In the 1980s you needed the right car and a perm or mullet (depending how far south of Coventry you lived). But now in the 2020s, you need the right clothes, smell, haircut, phone, social media profile, Instagram likes and who knows what else. Plus, should you get successful, the bar for what counts as sex these days has got a lot higher. If you grew up watching the kind of adult content that most teenagers do now, you’re not expecting the laydeez to be happy with a clumsy under-the-jumper fumble, sticky fingers and a mumbled apology. You’ll be expecting to do it for hours, in many positions while grunting a script first written in the seedier end of 1980s Hollywood and revisited unconvincingly by unconvinced teenage-lovehunters ever since.

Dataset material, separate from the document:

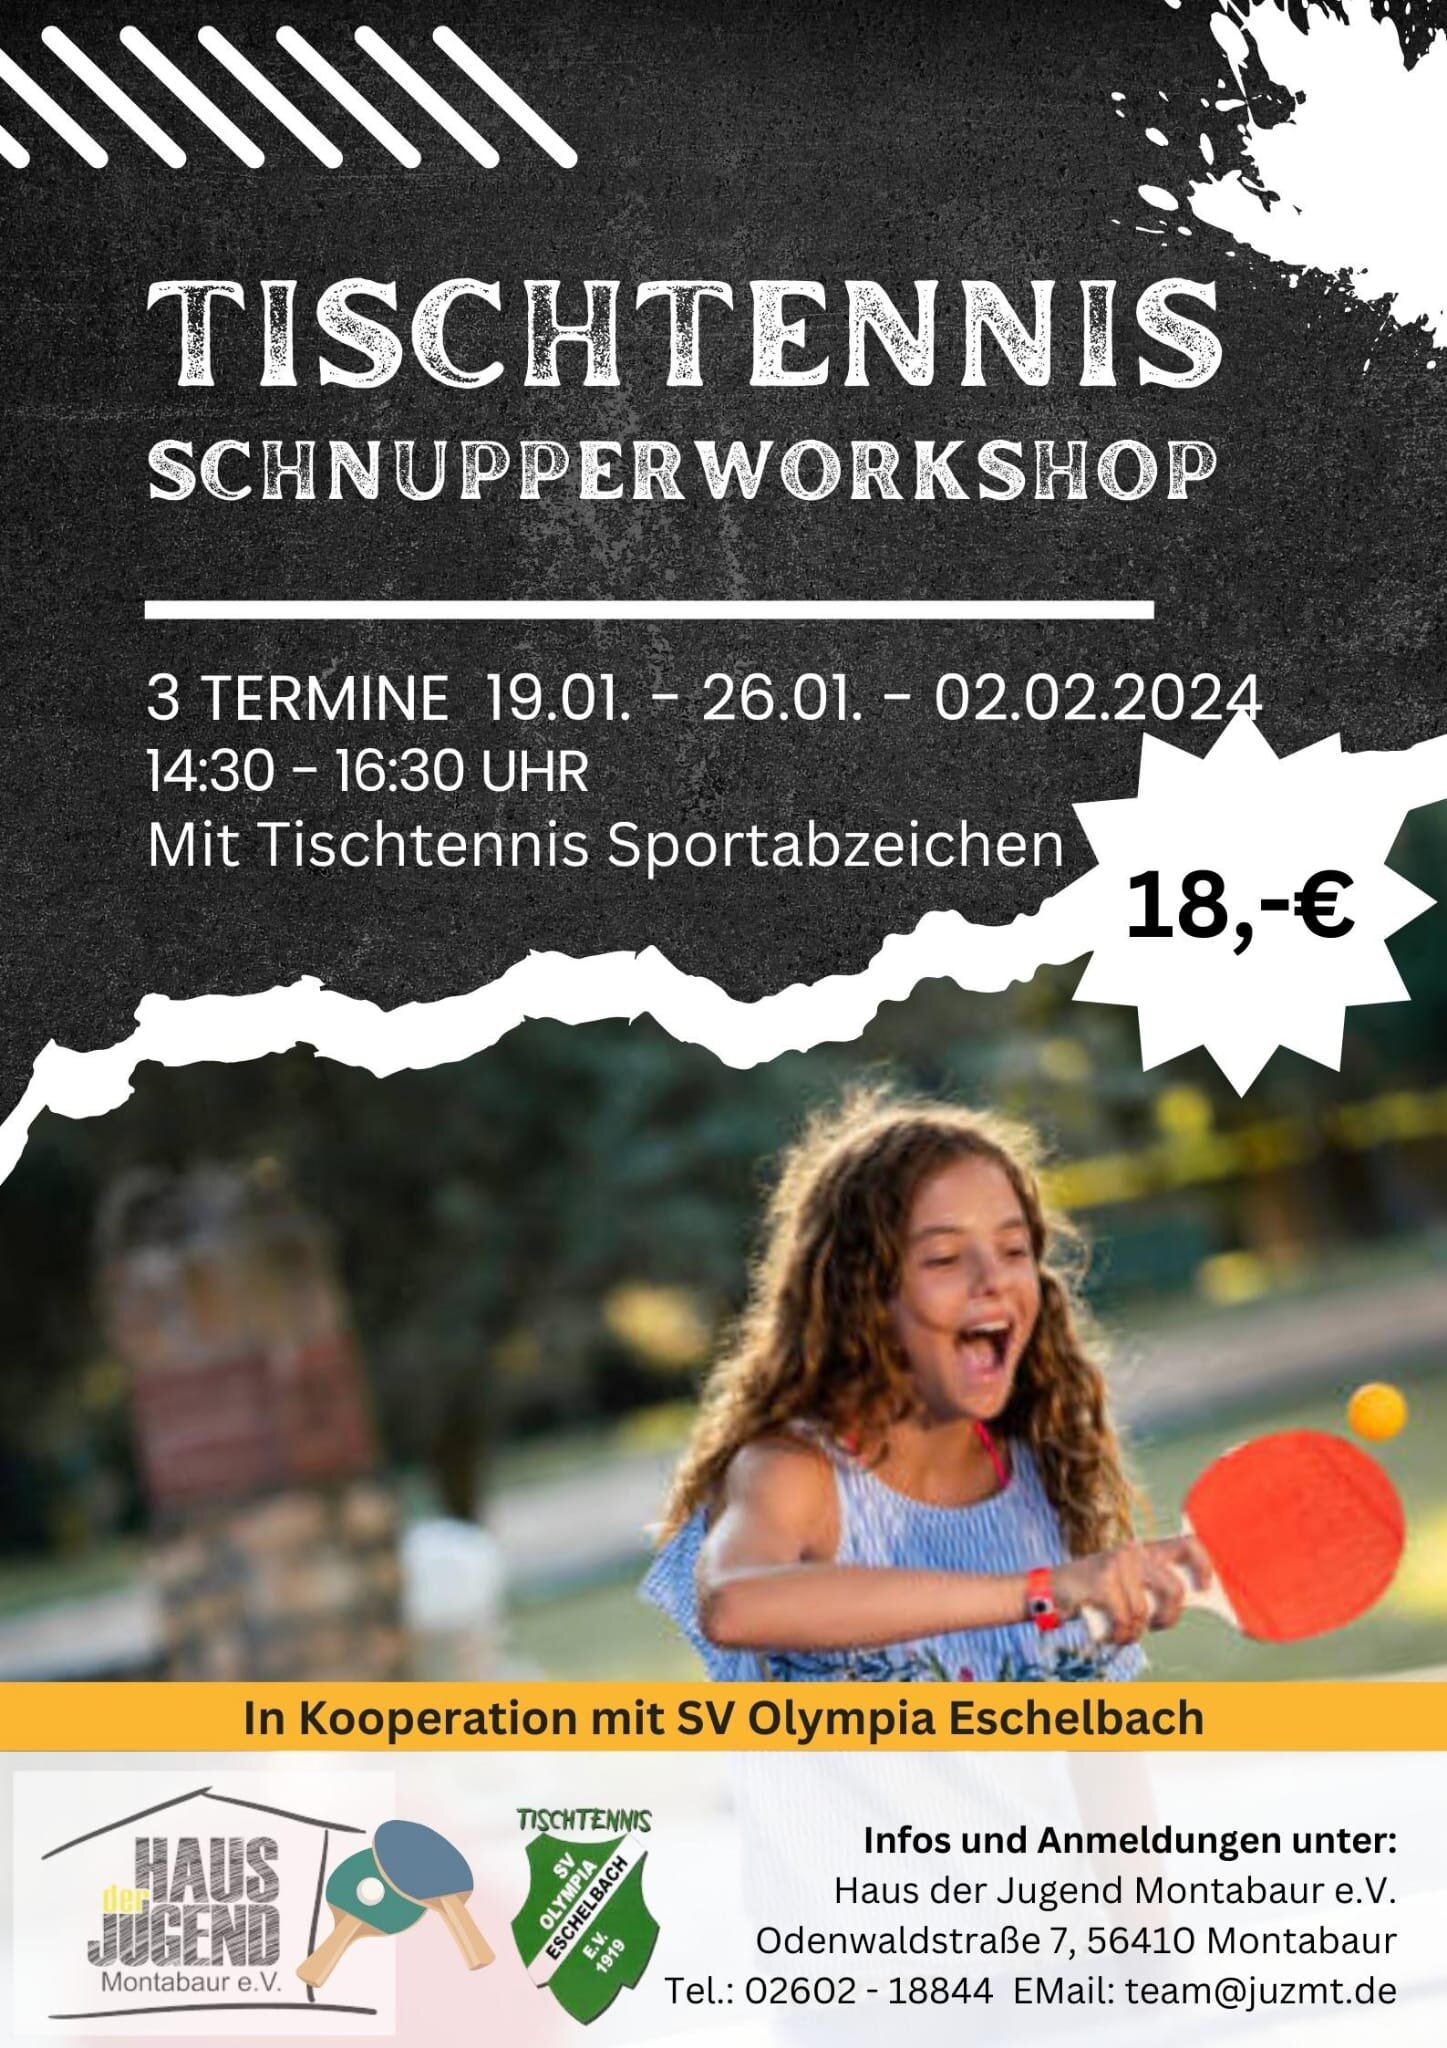 Tischtennis Schnupperworkshop mit Sportabzeichen

It’s no wonder they’ve got problems.

Ok, stop. Please. Stop. And yes, I know I’m being terribly flippant about a subject that is horrific, debilitating and crippling to those who are suffering. But the point is this. Very few of those affected here started off like this. Many are suffering but  in many cases this is a condition caused by wonky neurochemistry, knocked off-kilter by events and not infection or disability. We, as a society have to look at the problem differently and take some responsibility for fixing it.

For example, which bright spark decided that the correct approach for society to take about alcohol was that getting utterly, utterly rat-legged at every opportunity was the behaviour of the aspirational good guys, while staying sober, cohesive and learning to be interesting by being smart or funny or considered was somehow boring?

Pretty much every advertising message we see suggests some kind of sexual conquest either overt or covert, which is weird, because – can we be honest here – once you get beyond about 25, there are many more things in life a lot more rewarding than sex.

Who decided that being cool was more desirable than being smart and, come to think of it, who the heck decides what is genuinely cool anyway? At the risk of sounding like a dowdy-old-fekker, one of the more curious things the second 25 years of my life taught me was that I generally have a lot more fun and enjoyment when I’m sober, because then I do the things like motorcycling, thinking and intellectual lion-taming that become a lot more dangerous when drunk.

Am I missing something here? Are we no longer capable of deciding this for ourselves and isn’t the whole point about being cool that it happens by actually being different from the crowd and not being told what to do?

Maybe one tiny part we mid-life mavericks can play is to grow-up, act like role-models and work out what a meaningful middle-age looks like instead of trying to recreate our early years or just carry on being an idiot. Former US President Barack Obama is probably the best-known living example of this new role model. Dignified, confident, aspirational and absolutely an inspiration to anyone.

Just supposing we could make our middle-age lives as aspirational as Obama? What’s stopping us? Most of us have the jobs, lifestyle and confidence that we lacked at 25? Instead of worrying about getting older let’s embrace what we are becoming and enjoy it.

That way we can show the nippers by example that we are confident enough to be who we are, regardless of our success at DIY, dancing or going more than 90 minutes without needing a pee. Maybe if we can build an alternative aspiration to mindless marketing alcohol-fuelled ‘cool’, then, a portion of them will feel confident enough to nurture their own way of rebelling against the march of marketing too.

Obviously, the caveat here is that I understand just how superficial this post has been. I’m not even as stupid as I look and clearly, mental health challenges are borne from a hundred different causes. I don’t want to trivialise anyone’s struggle with these issues, but I do feel that some of the above might just make a teeny difference to a small number of people and who knows where that might cascade down to.

Good luck fellas, we’re all thinking of you.